Job Summary:
Anduril Industries is a defense technology company focused on transforming military capabilities with advanced technology. They are seeking a Senior Site Reliability Engineer to ensure the reliability, performance, and scalability of their mission-critical systems, particularly those supporting the Lattice platform. The role involves building resilient systems, implementing monitoring and incident response strategies, and collaborating with engineering teams to enhance operational excellence.
Responsibilities:
• Design and implement comprehensive monitoring, observability, and alerting systems to ensure early detection of reliability issues across the Lattice platform
• Drive incident response and conduct blameless postmortems to identify systemic improvements and prevent recurrence of production issues
• Build and maintain infrastructure automation using tools like Terraform, Kubernetes operators, and custom tooling to manage large-scale distributed systems
• Establish and track Service Level Objectives (SLOs) and Error Budgets to balance feature velocity with system reliability
• Partner with software engineering teams to improve system architecture for reliability, implementing patterns like circuit breakers, graceful degradation, and chaos engineering
• Develop capacity planning models and performance testing frameworks to ensure systems can handle growth and peak operational demands
• Create runbooks, documentation, and training materials to enable teams to operate production systems effectively
• Lead cross-functional efforts to improve deployment safety through progressive rollouts, automated testing, and rollback capabilities
• Implement security best practices and compliance controls for production environments handling sensitive defense data
• Build tooling and automation to reduce toil and improve operational efficiency for the engineering organization
• Participate in on-call rotations and serve as an escalation point for critical production incidents
Qualifications:
Required:
• 7+ years of engineering experience with at least 3+ years focused on SRE, production operations, or infrastructure engineering
• Bachelor's degree in Computer Science, Engineering, or equivalent practical experience
• Deep expertise with Kubernetes in production environments, including operational challenges at scale (100+ nodes)
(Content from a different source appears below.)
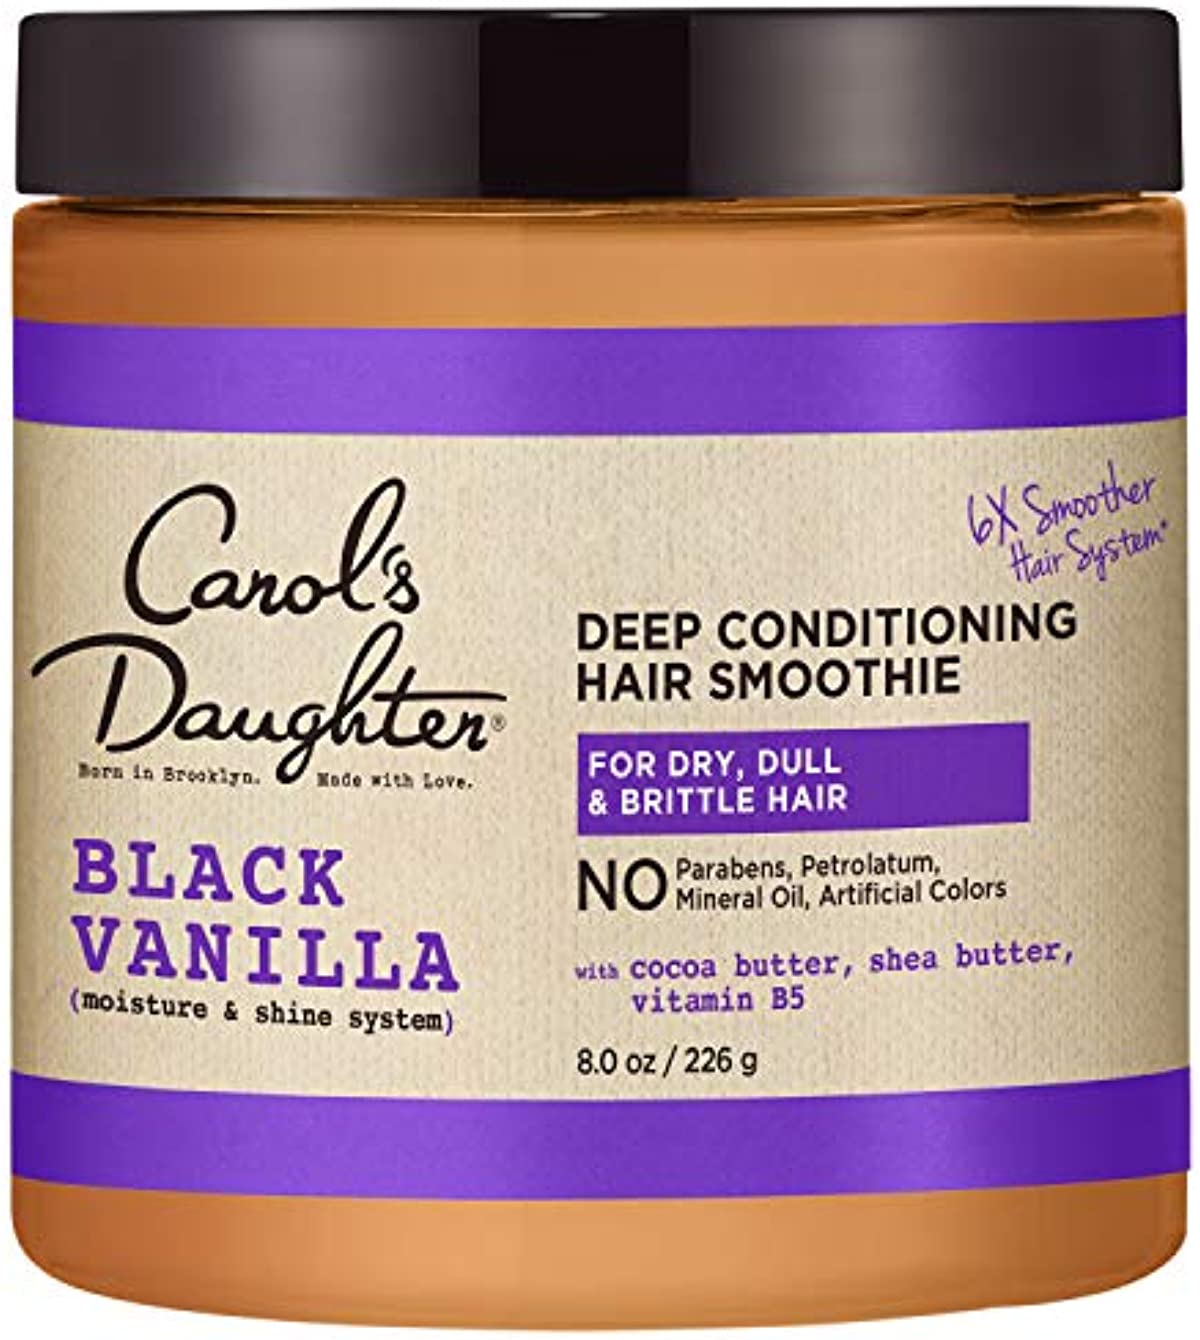 Carol\'s Daughter Black Vanilla Moisture and Shine Hair Smoothie For Dry Hair and Dull Hair, with Shea Butter, Cocoa Butter and Vitamin B5, Paraben Free Hair Treatment, 8 oz (Packaging May Vary)

• Strong programming skills in one or more languages such as Go, Python, Rust, or Java with ability to build production-grade tooling
• Proven experience designing and implementing observability stacks (metrics, logging, tracing) using tools like Prometheus, Grafana, ELK/EFK, or equivalent
• Hands-on experience with cloud platforms (AWS, Azure, or GCP) and infrastructure as code practices
• Demonstrated ability to debug complex distributed systems issues across multiple layers of the stack
• Track record of improving system reliability through architectural changes, not just operational band-aids
• Strong incident management and communication skills, with experience leading responses to critical outages
• Must be a U.S. Person due to required access to U.S. export controlled information or facilities
• Eligible to obtain and maintain an active U.S. Secret security clearance
Preferred:
• Experience with defense, aerospace, or other mission-critical systems where downtime has severe consequences
• Expertise in performance optimization and capacity planning for high-throughput, low-latency systems
• Knowledge of chaos engineering principles and experience implementing resilience testing frameworks
• Experience with service mesh technologies (Istio, Linkerd) and advanced traffic management patterns
• Background in database operations and optimization (PostgreSQL, Cassandra, or similar at scale)
• Familiarity with CI/CD platforms and deployment automation (ArgoCD, FluxCD, Spinnaker, Jenkins)
• Understanding of networking fundamentals including load balancing, DNS, TLS/SSL, and network security
• Experience with configuration management and secrets management solutions (Vault, Sealed Secrets, SOPS)
• Strong written and verbal communication skills with ability to explain technical concepts to non-technical stakeholders
• Active Secret or higher security clearance
Company:
Anduril Industries is a defense technology company that specializes in developing advanced autonomous systems to enhance national security. Founded in 2017, the company is headquartered in Costa Mesa, USA, with a team of 1001-5000 employees. The company is currently Late Stage.